Arcará a requerida com as custas processuais.

Sem condenação em honorários advocatícios, pois, "na linha dos precedentes desta Corte, o Ministério Público não faz jus ao recebimento de honorários advocatícios sucumbenciais quando vencedor na ação civil pública por ele proposta. Não se justificando, de igual maneira, conceder referidos honorários para outra instituição" (REsp 1358057 / PR, Ministro MOURA RIBEIRO, publicado em 25/06/2018).

Inconformadas, ambas as partes interpuseram recurso de apelação.

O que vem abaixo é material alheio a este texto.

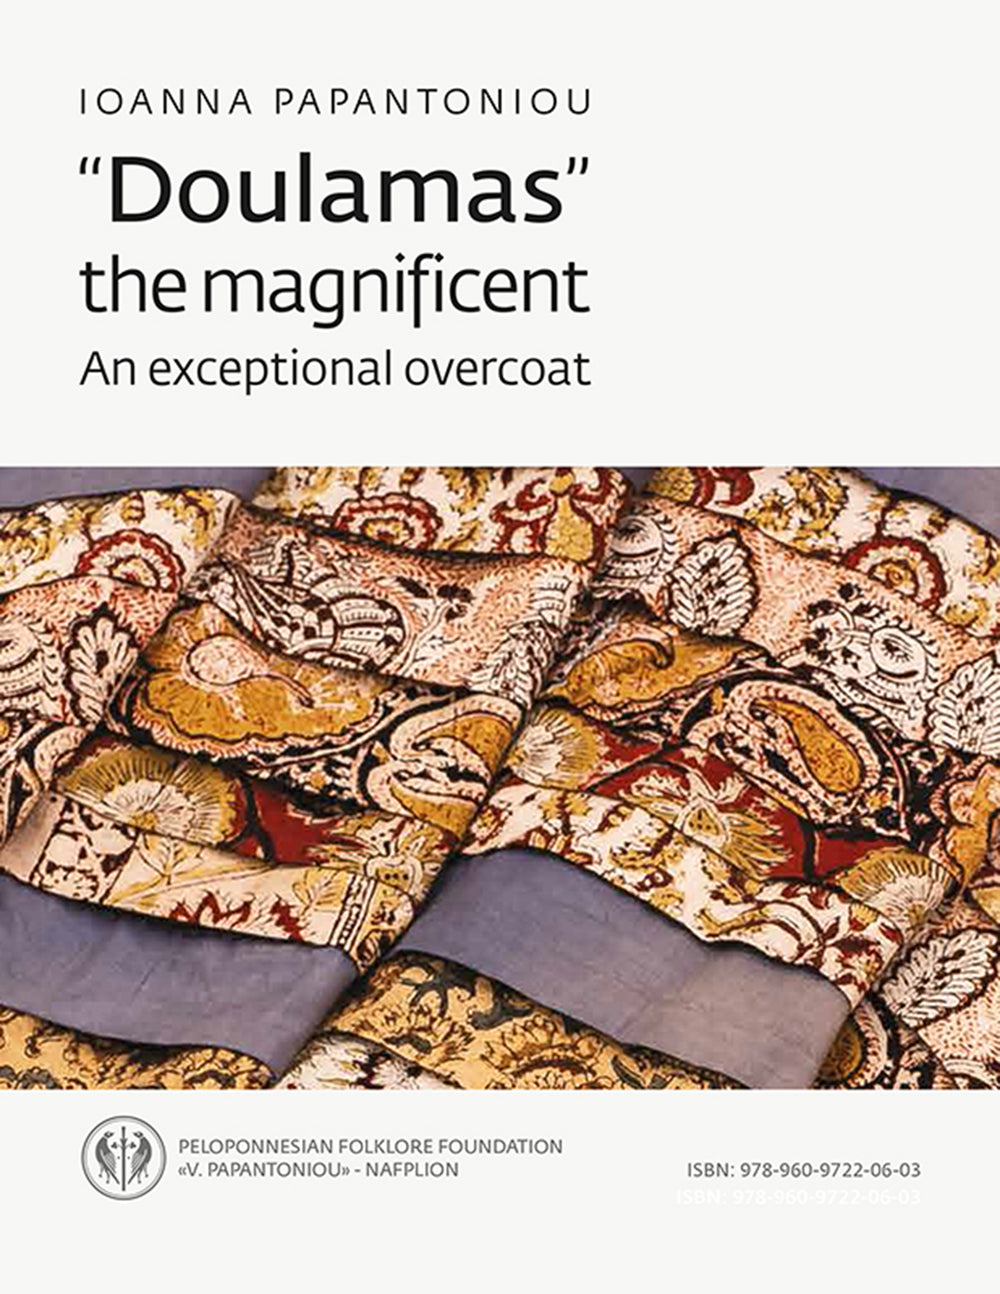 “Ioanna Papantoniou. Doulamas the magnificent. An exceptional overcoat”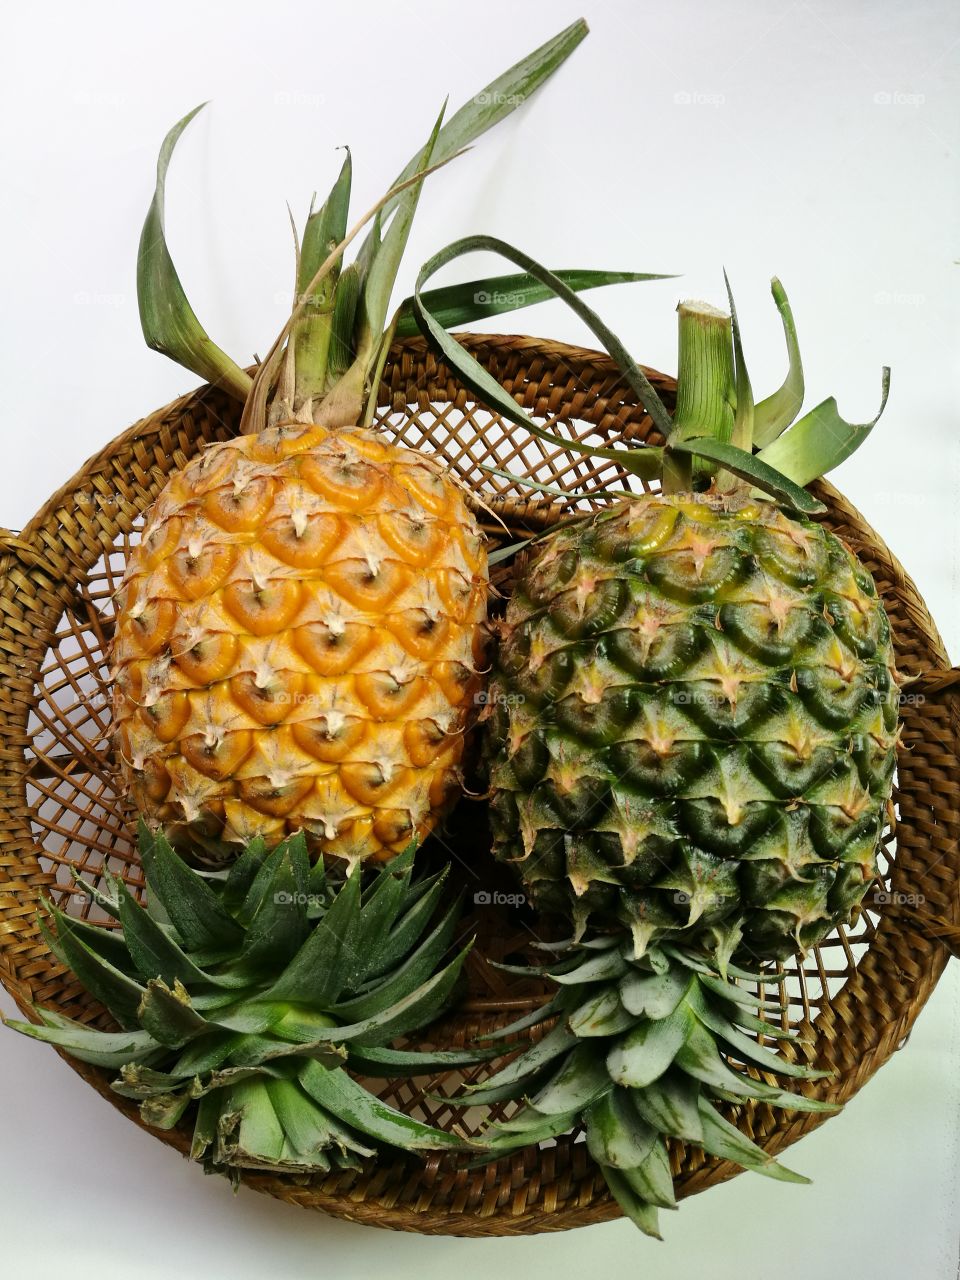 Top view of pineapples in rattan basket on white background.

A ré aduz, preliminarmente, as seguintes preliminares: i) nulidade da sentença por incorreção na parte dispositiva, ofensa ao disposto no art. 489, III, do CPC; ii) nulidade da sentença por ausência de análise sobre a alegação de falta de interesse de agir do Ministério Público; iii) nulidade da sentença por ausência de análise de todas as alegações e provas apresentadas no feito; iv) nulidade da sentença por ausência de fundamentação quanto à obrigação de publicação da parte dispositiva. No mérito, alega: i) ausência de demonstração de ato ilícito; ii) ausência dos requisitos que geram o dever de indenizar; iii) ausência de dano material e moral individual indenizável. Nesse viés, sustenta, em síntese, que: iv) grande parte das reclamações juntadas ao feito pretendiam apenas o cancelamento do seguro adquirido, não havendo menção de que teriam sido vendidos de forma irregular; v) apresentou vias assinadas da maioria dos bilhetes de seguros contratados pelos consumidores reclamantes; vi) atendeu as normas da Susep (Superintendência de Seguros Privados) e da legislação consumerista, uma vez que todas as informações necessárias a respeito da oferta de seguros são repassadas aos seus clientes (evento 78).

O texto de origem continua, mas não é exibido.